Along with faith organizations and UNICEF, the Children’s Defense Fund of New York hosted the vigil to get U.N. member states to not only talk about the root causes of the international crisis, but to help highlight the positive contributions by migrants and refugees. In particular, advocates hope that the summit could amplify the voices of people who are most impacted, such as children.

“If you look at the trauma to which they’ve been subjected in their home countries — the dangers they survive during their journeys where in some instances they face death or further exploitation, our response should be a lot more humane than it is,” Naomi Post, Executive Director of the Children’s Defense Fund, told ThinkProgress in a phone interview ahead of the vigil. “We haven’t created the environment that supports them in a holistic kind of way or that provides the legal representation that they need.”

Post said that the children they picked to speak at the vigil don’t have “unique” problems, but are representative of the larger number of children who are on the run. Children, in fact, make up half of all refugees, with 45 percent of all child refugees under United Nations High Commissioner for Refugees (UNHRC) care in 2015 coming from Syria and Afghanistan.

According to a UNICEF report, 28 million children have been driven from their homes because of violence and insecurity, including 10 million child refugees.
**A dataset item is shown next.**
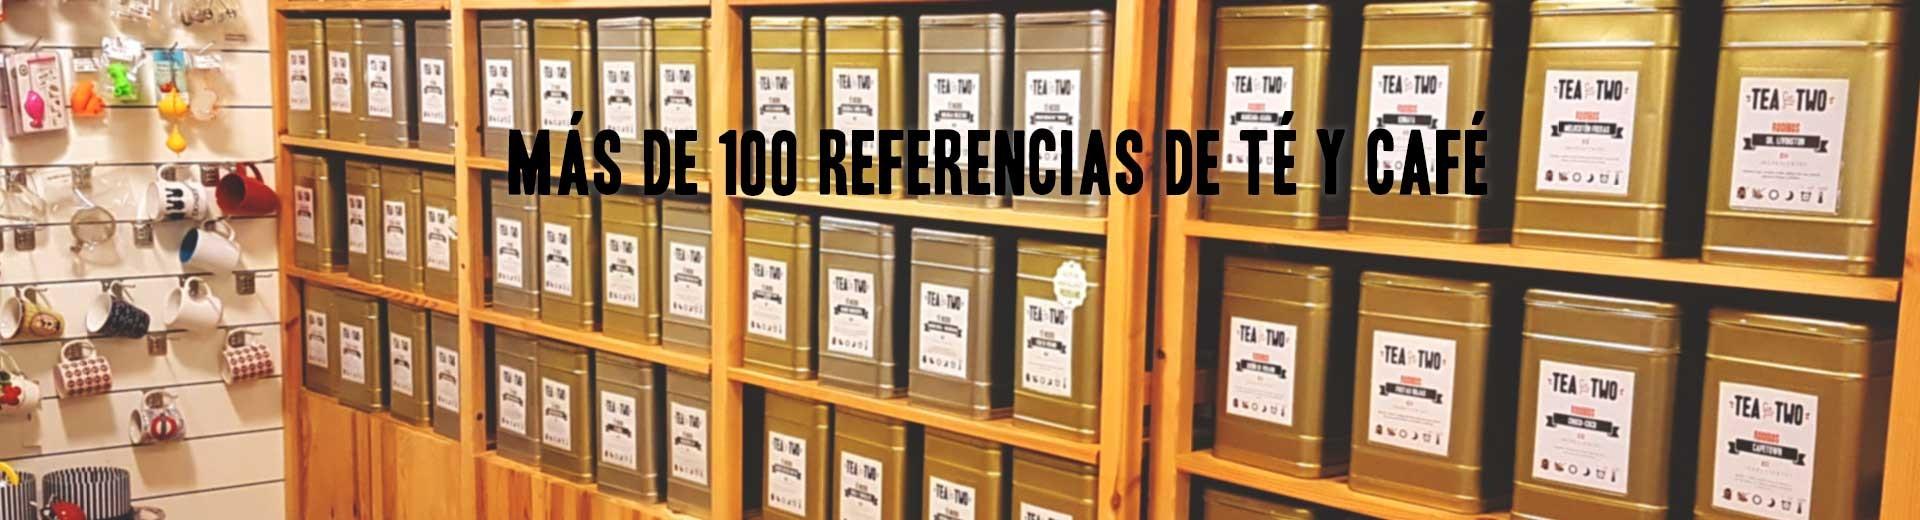 Amplio catálogo de tés e infusiones

The same report found that one in two African refugees are children. This can present a problem since 3.7 million school-age children under UNHRC protection “have no school to go to,” according to a recent U.N. Refugee agency report, which indicated that education could help refugees change the future of both their host and home countries.

“I think children are the most powerful conduits of information — both about their experiences and what their needs are and how they can contribute to this society,” Post said. “Lifting up their voices is paramount.”